American Society of Addiction Medicine (ASAM)
- Formation: 1954
- Type: Professional association
- Legal status: 501(c)(3)
- Headquarters: Rockville, Maryland
- Location: United States;
- Members: 8,000
- President: Stephen M. Taylor
- Executive Vice President and Chief Executive Officer: Julia L. Chang: CEO/Executive Vice President
- Website: www.asam.org

= American Society of Addiction Medicine =

Professional medical society

The American Society of Addiction Medicine (ASAM), founded in 1954, is a professional medical society representing over 8,000 physicians, clinicians, and associated professionals in the field of addiction medicine. ASAM is dedicated to increasing access and improving the quality of addiction treatment, educating physicians and the public, supporting research and prevention, and promoting the appropriate role of physicians in the care of patients with addiction.

== ASAM Criteria ==
ASAM publishes recommendations and standards for the assessment, placement, and treatment of substance use disorders. They look at six dimensions:

1. Intoxication, Withdrawal, and Addiction Medicines
2. Biomedical Conditions
3. Psychiatric and Cognitive Conditions
4. Substance Use Related Risks (formerly "Relapse Potential")
5. Recovery Environment Interactions
6. Person-Centered Considerations

== Continuum of Care ==
ASAM defines a continuum of care with multiple levels where someone could receive treatment. The continuum of care is intended to be bi-directional and person-centered rather than program-centered, so someone could theoretically stay for a given length of time at level 3.7 and then drop down to level 1.0; they could then freely go back up or down as needed, according to their own multidimensional concerns.
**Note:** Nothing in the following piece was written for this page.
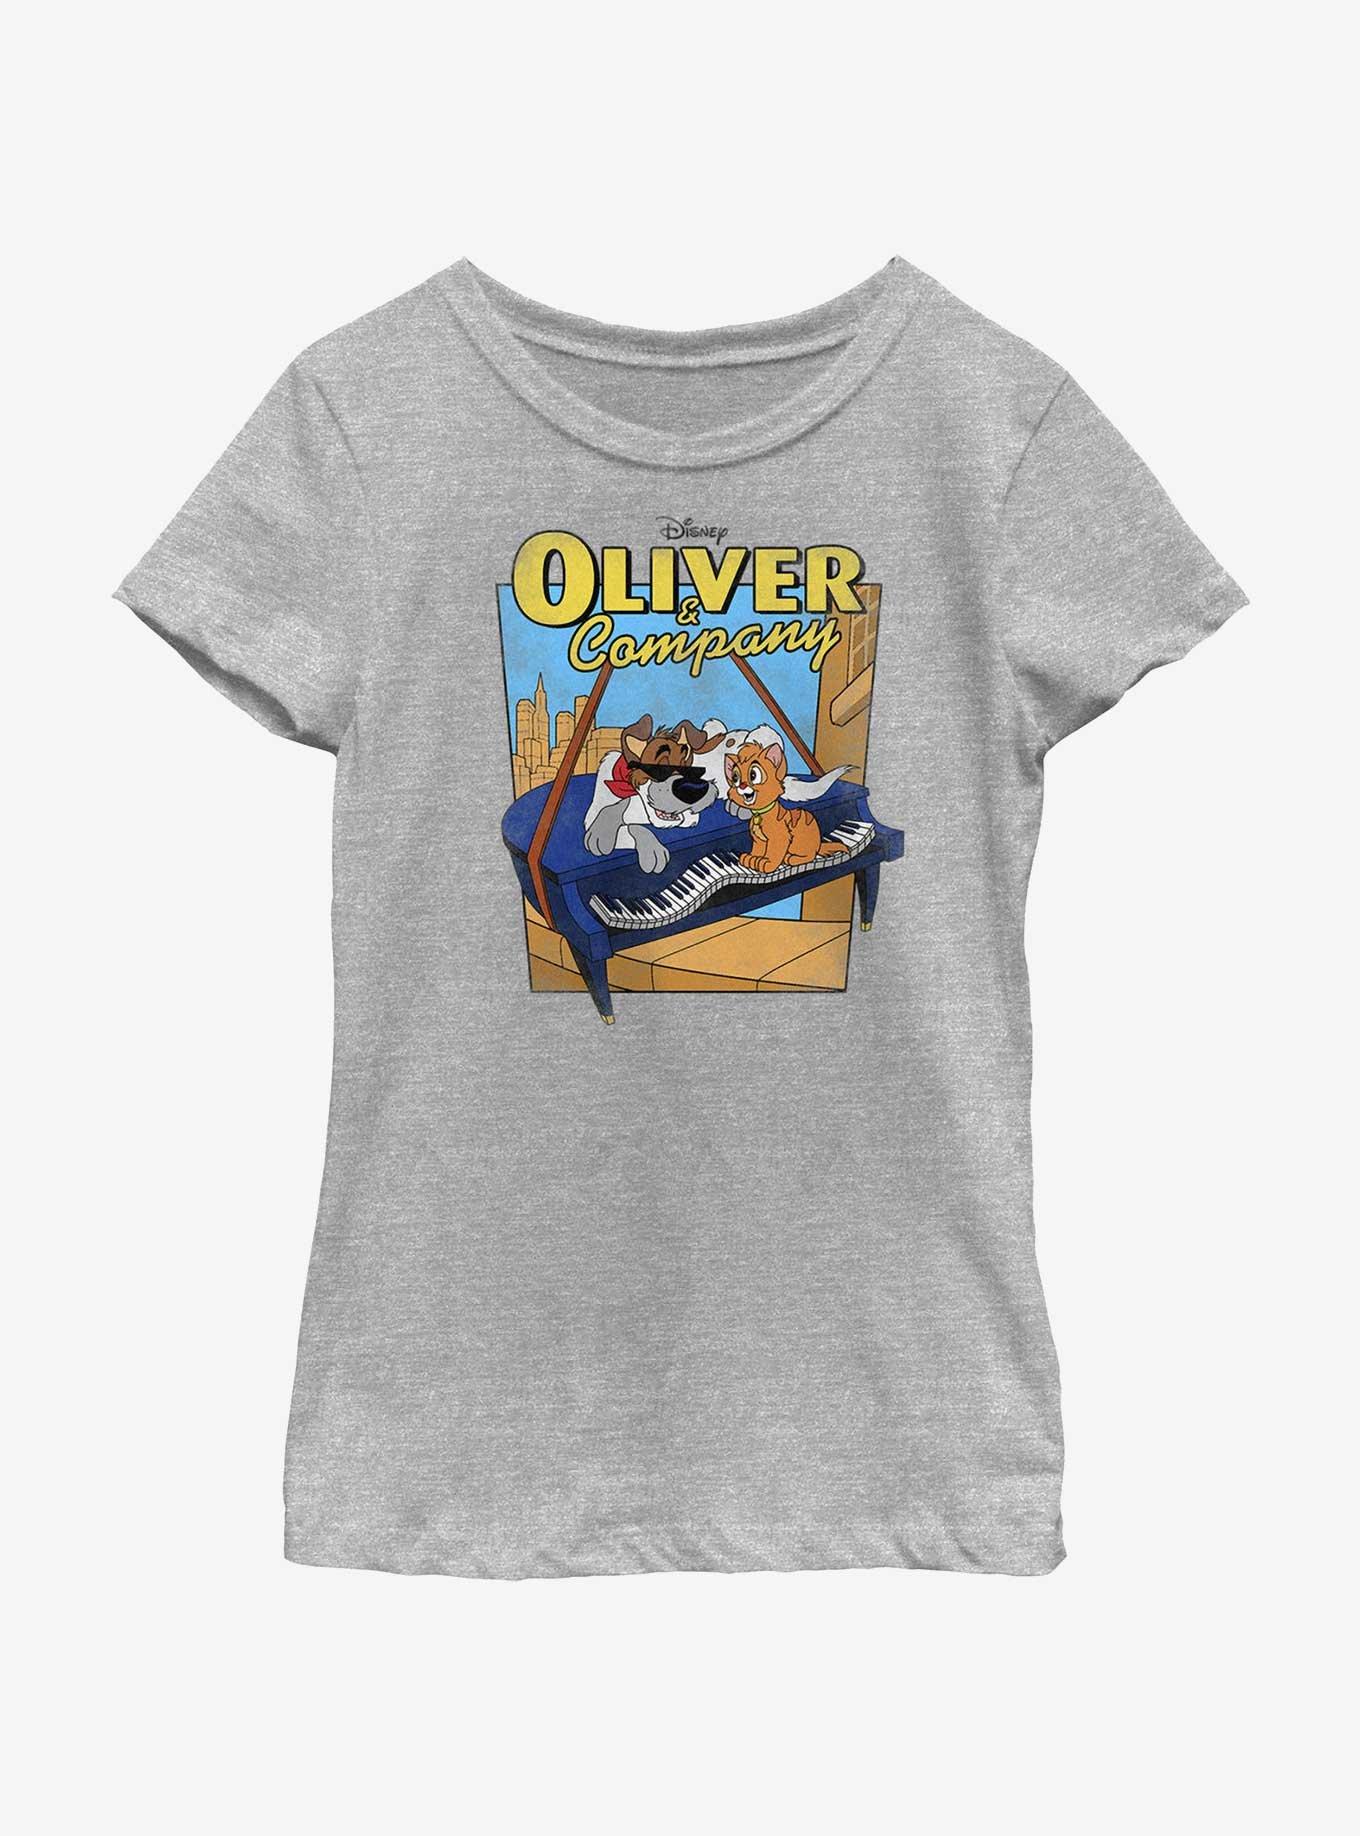 Disney Oliver & Company Piano Youth Girls T-Shirt, ATH HTR, hi-res

This is in contrast to historically program-driven treatment, where patients would be expected to complete a set number of days and then step down to the next level and complete that as well, regardless of their personal needs or severity of symptoms.

The current levels of care range from: Level 1 - Outpatient; Level 2- IOP/HIOP; Level 3 - Residential; Level 4 - Inpatient.

== Recognition ==
ASAM is currently used to inform public policy of addiction medicine in 45 US states.